One poem that has been making the rounds is called, “In the Time of Pandemic.” It begins:

“And the people stayed home.

And they read books, and listened, and rested, and exercised, and made art, and played games, and learned new ways of being, and were still.”

It appeared on our radar in early March and has “gone viral,” as we like to say of those things, good and bad, which pass quickly from hand to hand and screen to screen.

It is a quiet, simple vision of healing.

When I first saw it, it was an unattributed excerpt.  Then it was attributed to Kitty O’Meara, Kathleen O’Meara, Kathleen O’Mara. The most recent posts claim it was written in 1869 and reposted in 1919 during the Spanish Flu. The one I saw this morning had the headline, “How history repeats itself, a poem”

That scared me.

This poem is a prayer for where this can pandemic might lead us, a belief in transformation. If it was written in 1869, we have failed its vision. If it was reposted in 1919, we failed again.
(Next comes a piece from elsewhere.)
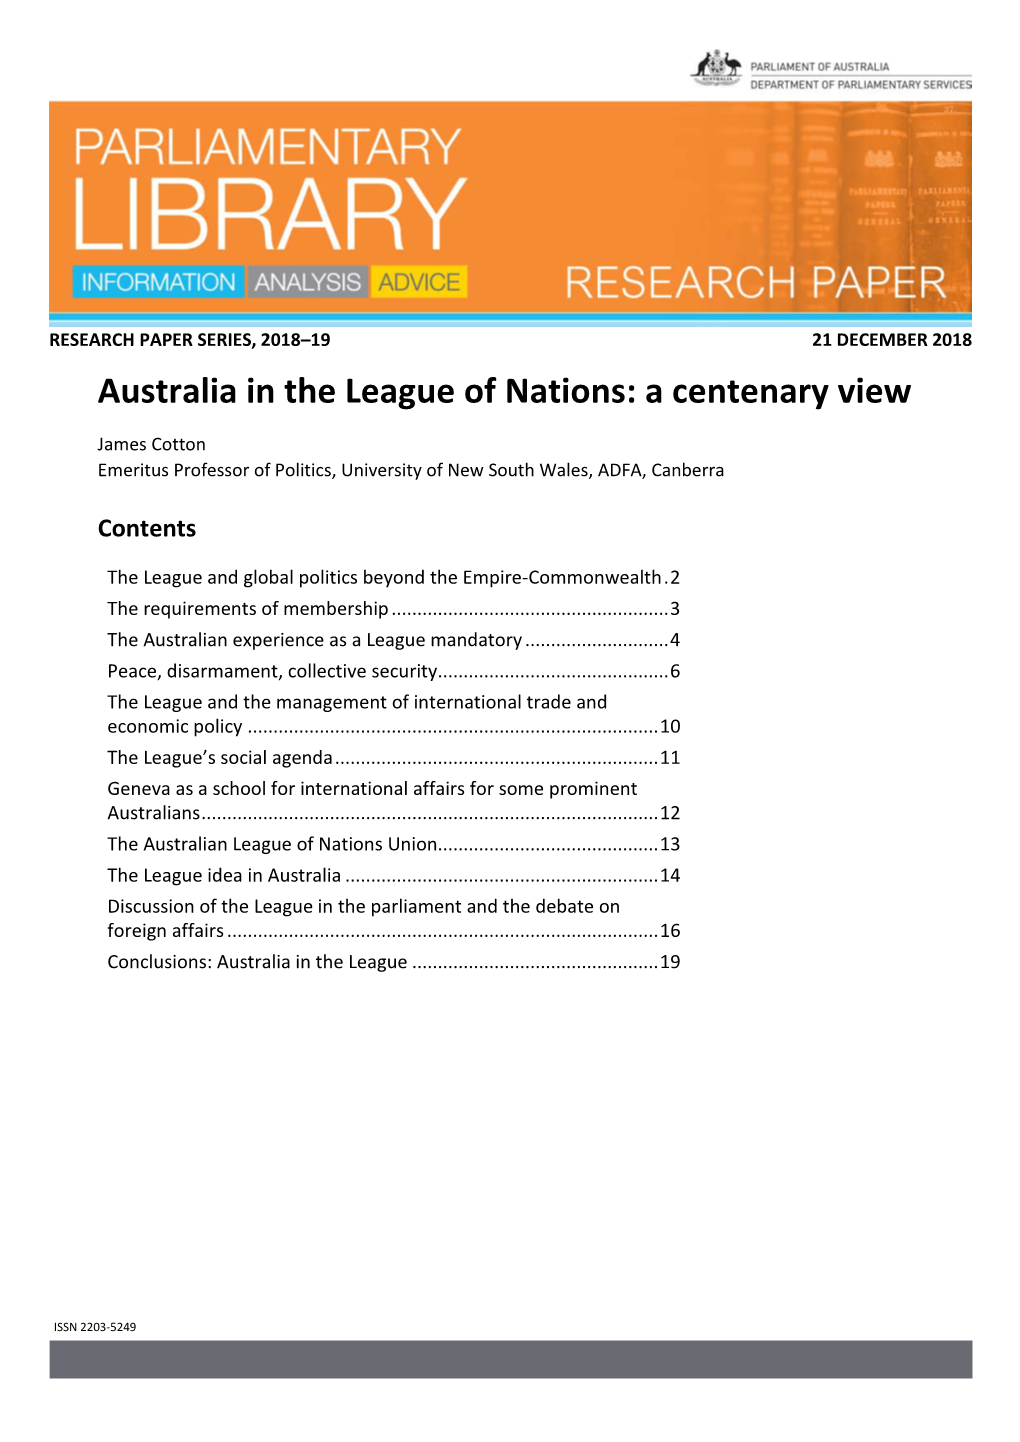 Australia in the League of Nations: a Centenary View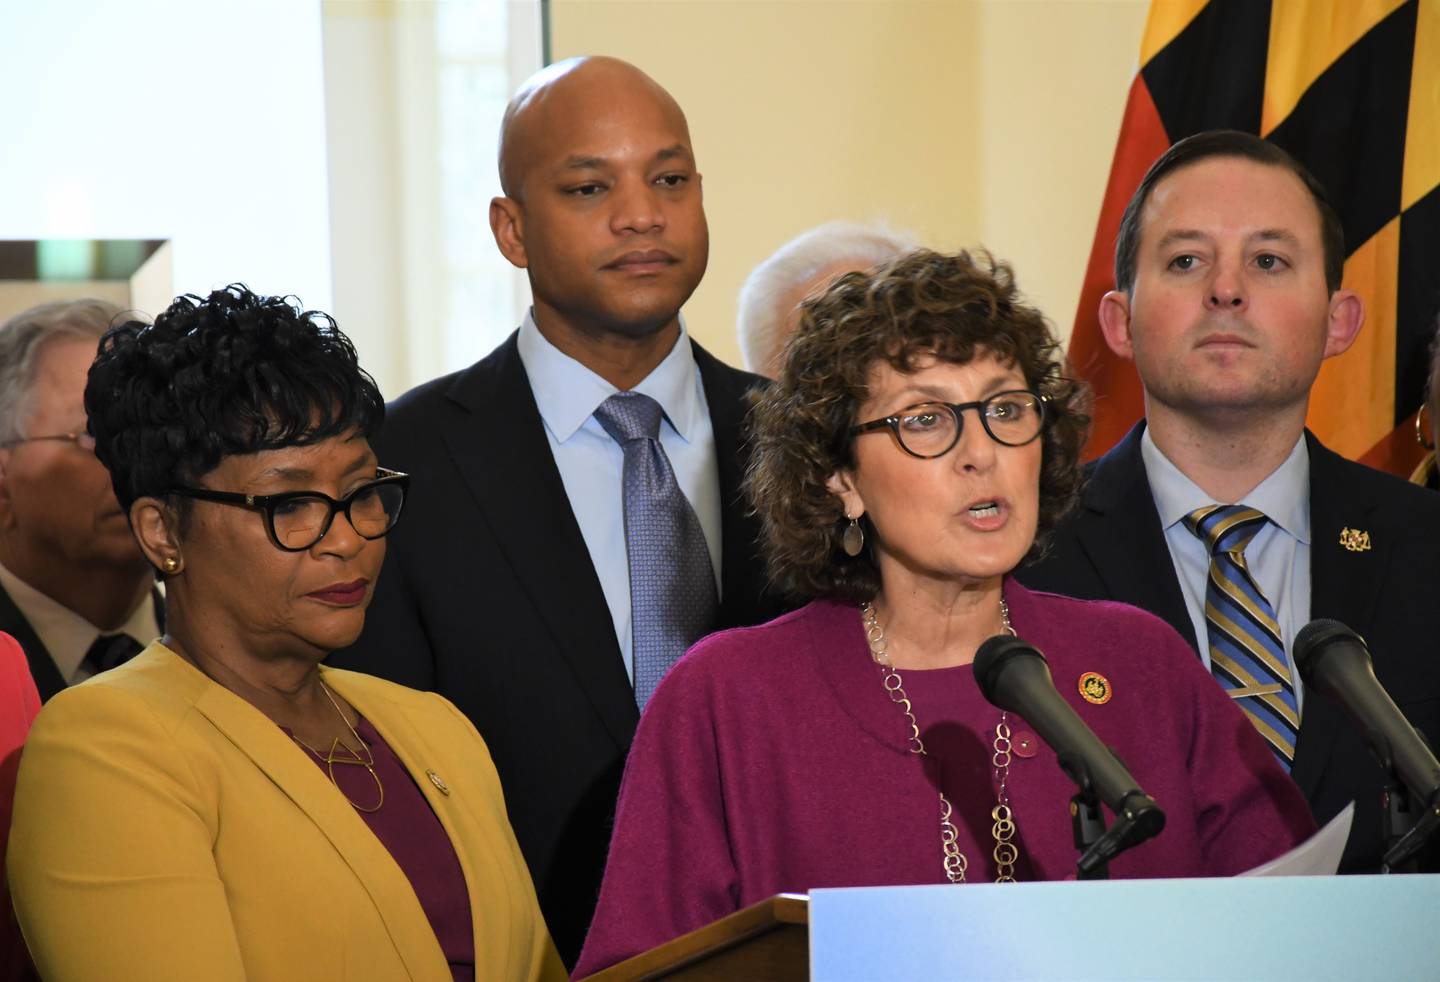 Sen. Shelly Hettleman talks about proposals to protect access to abortion during a press conference at the State House in Annapolis on Thursday, Feb. 9, 2023. She's joined by other leaders including House of Delegates Speaker Adrienne A. Jones, Gov. Wes Moore and Senate President Bill Ferguson.

If this voice is truly from the past, then history has repeated itself, and likely will repeat itself, and hope is gone.

So I started digging.

There was an Irish-French writer named Kathleen O’Meara who was writing in 1869. She did not write this poem.

This poem was written by Catherine “Kitty”  O’Meara, a retired teacher from Wisconsin, this year, in response to this pandemic.  It is on her blog. She has recorded it. People have interviewed her about it.

And I am so relieved.

Because these particular words have not been strung together before, this particular prayer is a new one. We can read it to one another as an invocation. We can put it into practice. We can carry it as a plan. We can believe that this terrible moment can change us in ways that heal not only our bodies but our world.

This poem is a perfect poem for this moment. Does it matter who wrote it…or when?

Of course it does.

Kitty O’Meara wrote this poem. To attribute it to any other person steals her talent.

And she wrote it now. To attribute it to any other time, threatens our hope.

On Saturday night, at 7:45pm PST, people around the world sat to meditate at the exact same time for the exact same purpose. That was not possible 100 years ago, or even 50 years ago. My own prayer was simple: One world. Let us heal as one.

We are in unprecedented times; we have unprecedented tools. We are scared big. We should dream big. We can move forward. We can hold – and share – that vision. Let that go viral. History does not have to repeat itself. We don’t have to let it.